My friend, God cares enough for you to not only to die for you but also to send his Spirit to call you, to work within you, to create and nourish the very faith you need. It may not be an ecstatic or sensational experience – though occasionally it is. It may not be something that causes you to jump up and say “Wow!” – though sometimes that can happen even to a Lutheran. Our God is indeed a God of miracles.
Last weekend, we got our first look at what we are calling our “2020 Vision” – the clearest vision the leaders of our congregation have at this point of where God would lead us in the next decade or so. Here, too, we are talking about the work and leading of the Holy Spirit, and what Pentecost is all about. If that first Pentecost were merely a group of folks saying, “Jesus has gone, and now it’s up to us to get this operation back on track; let’s go out and do some street corner preaching,” – if that’s all it had been, the Church would have died on its first weekend. But it wasn’t that. Rather, it was the Holy Spirit working in their midst – surprising even them – especially them – so that we later read in v. 41:
Those who accepted [the] message were baptized, and about three thousand were added to their number that day.
And it is the same Holy Spirit of God, still active today, who gives us the confidence as a congregation to think in terms of this 13 year 2020 Vision. At present, that vision is still only in broad outline. Some things like worship space, or ideas for the Carter property, or parking lot size, are easy to grasp and talk about. But the vision before us is much greater than these particular details. As we pray and God’s Spirit leads, the larger details will start to unfold and develop, and the vision will start to gain legs in ways that will surprise us and even those who first laid it out.

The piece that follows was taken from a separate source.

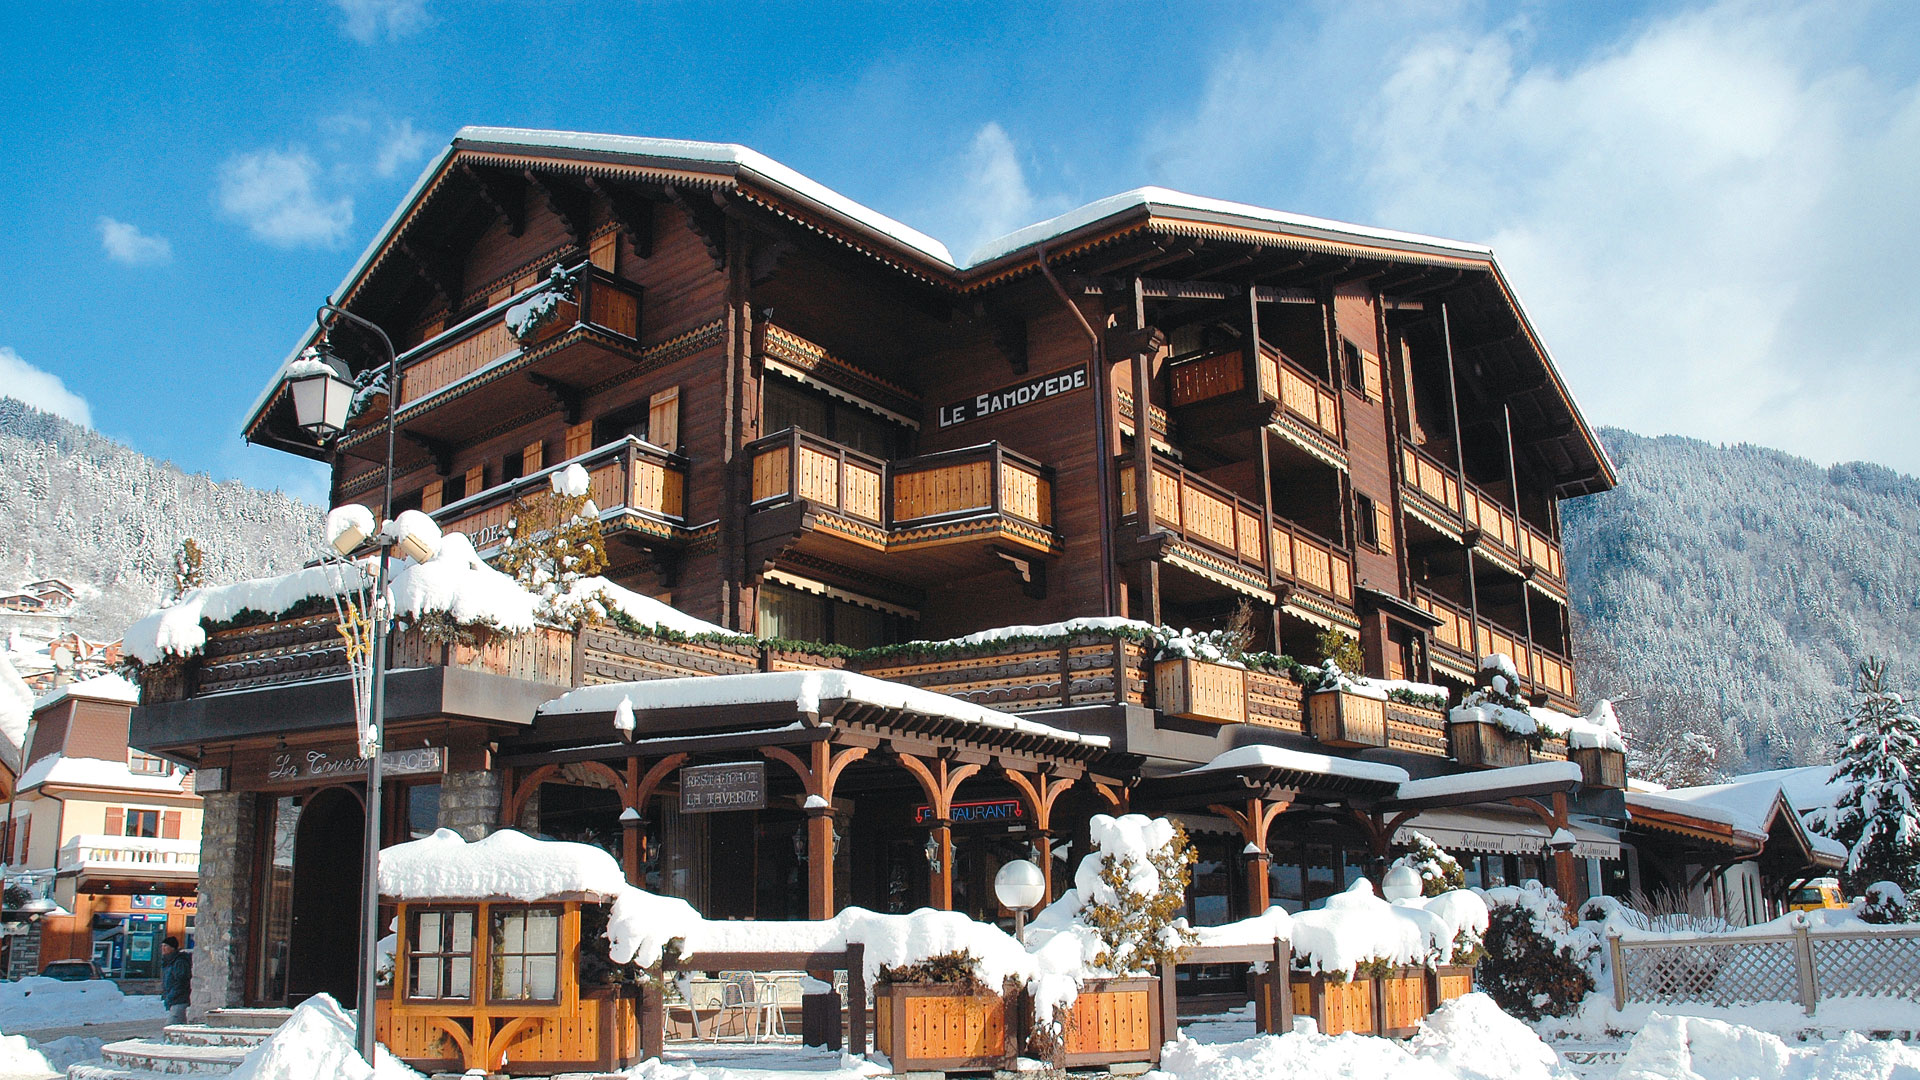 Winter rates 2019   2020 Htel Restaurant Spa Le Samoyde Morzine 1920x1080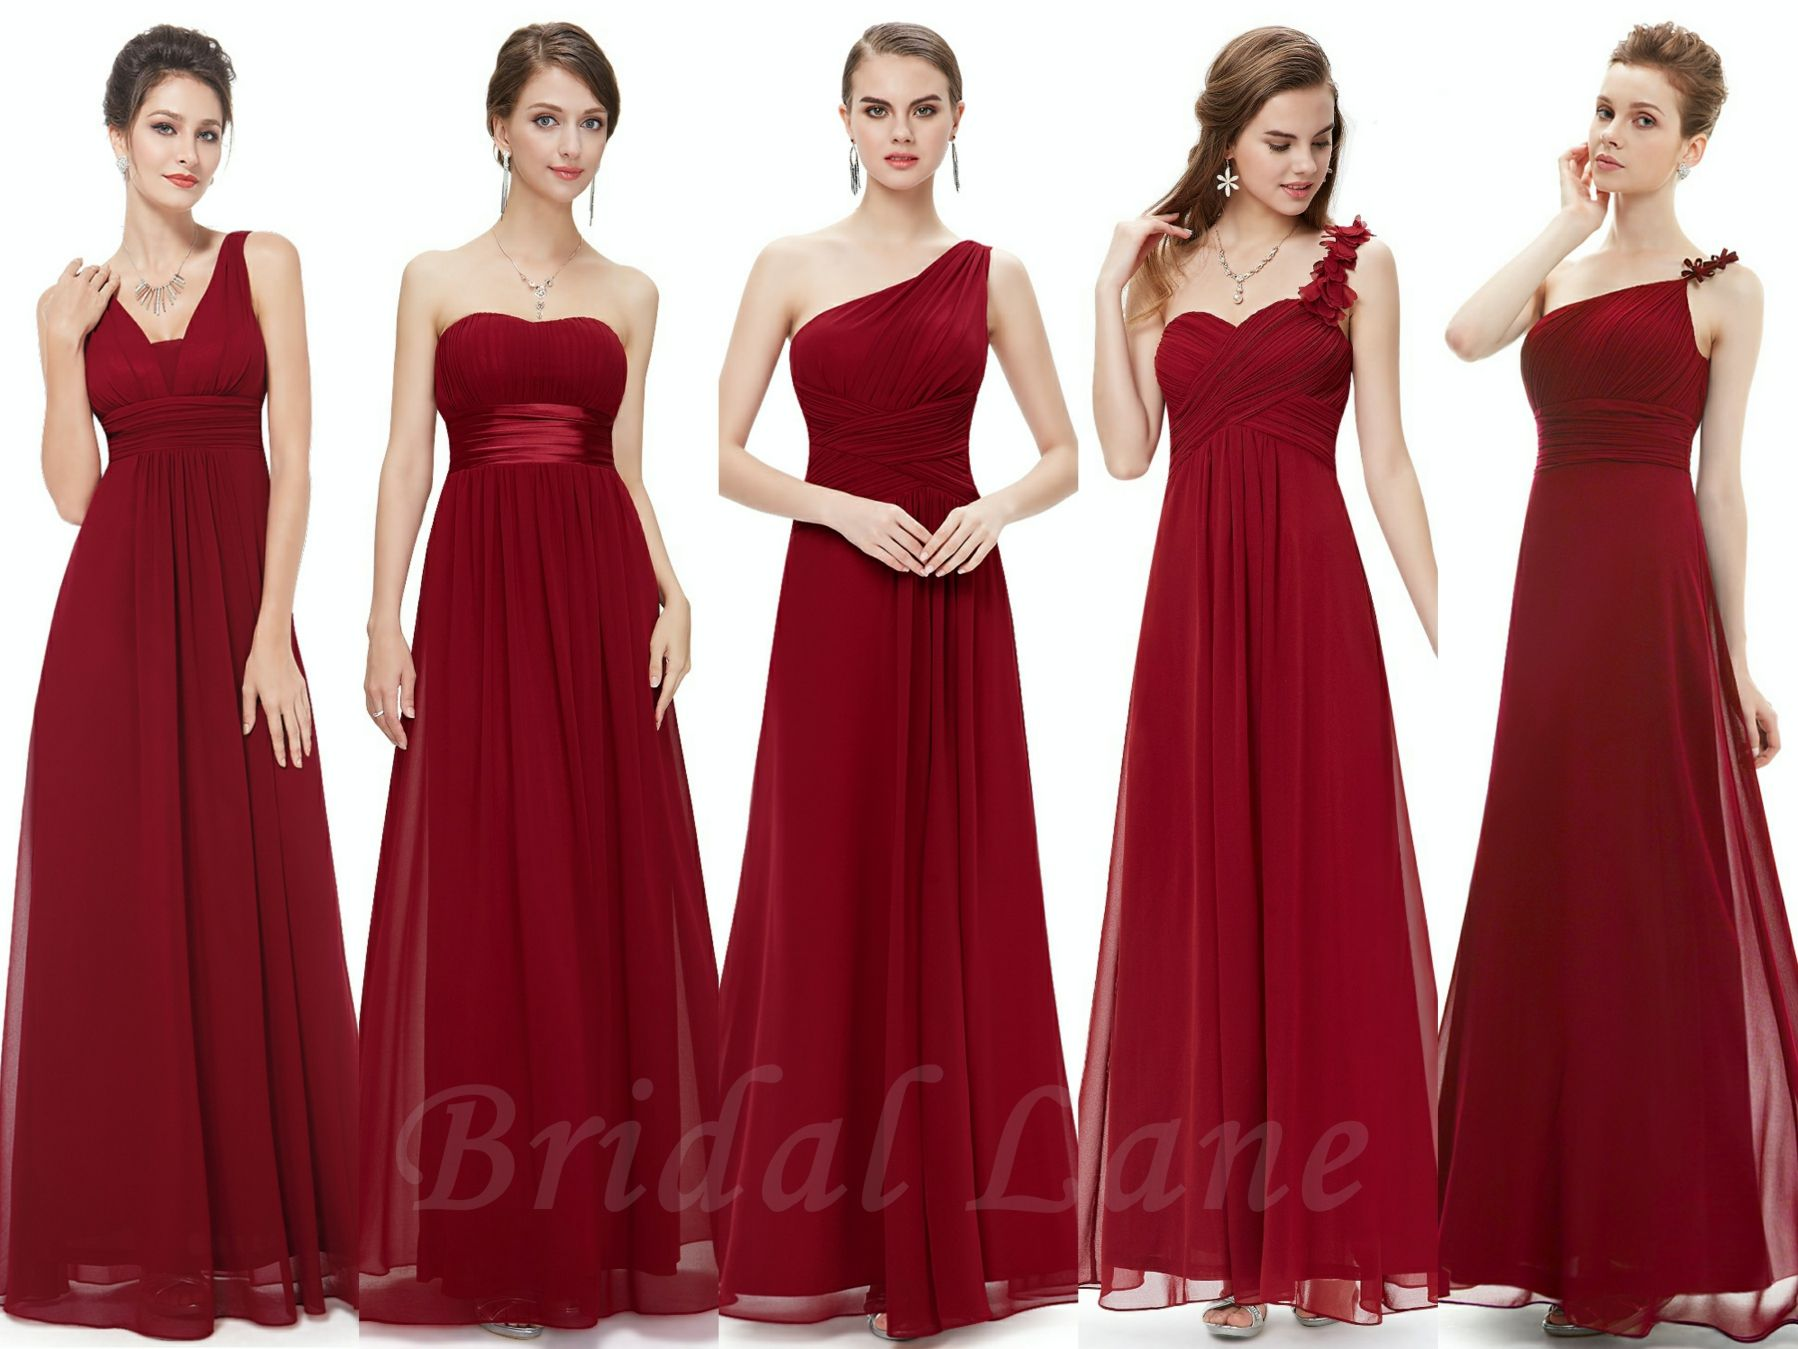 Burgundy / wine red bridesmaid dresses - Bridal Lane, Cape ...

As it is with the congregation, so it is in your life, too, my friend. You can pray with confidence that God the Holy Spirit
would lead you in making the major decisions of life
would guide you in your reading and understanding of God’s Word
would help you share that life-changing Word with friends
would persuade those same friends that they, too, might come to know God in Jesus Christ.
And there is more. The Bible speaks of the Holy Spirit not only as Counselor but also as “Comforter,” as that powerful presence of God who meets you where you are and gets you through the stress or the grief or the fear. That can happen when we are alone, but God’s Spirit works most frequently through his gathered community – here as we worship together, or through the support of groups like Stephen Ministry or ChristCare. Again, the reason God sends his Holy Spirit is to build and strengthen his Church, people like you and me.
Pentecost, the Bible’s second bookend; the birthday of the Church; the day when the Holy Spirit came to give power and understanding and direction to the Church. When Jesus returned to heaven, he didn’t abandon us or leave us to our own devices. He sent the Holy Spirit as Counselor, as Comforter. The Holy Spirit probably won’t help you to speak Swahili in a philosophy class, but he’ll help you speak to your neighbor, or comfort a co-worker, or share Christ with a friend or fellow student. Because the Holy Spirit always points to Jesus and helps us do the same. Amen.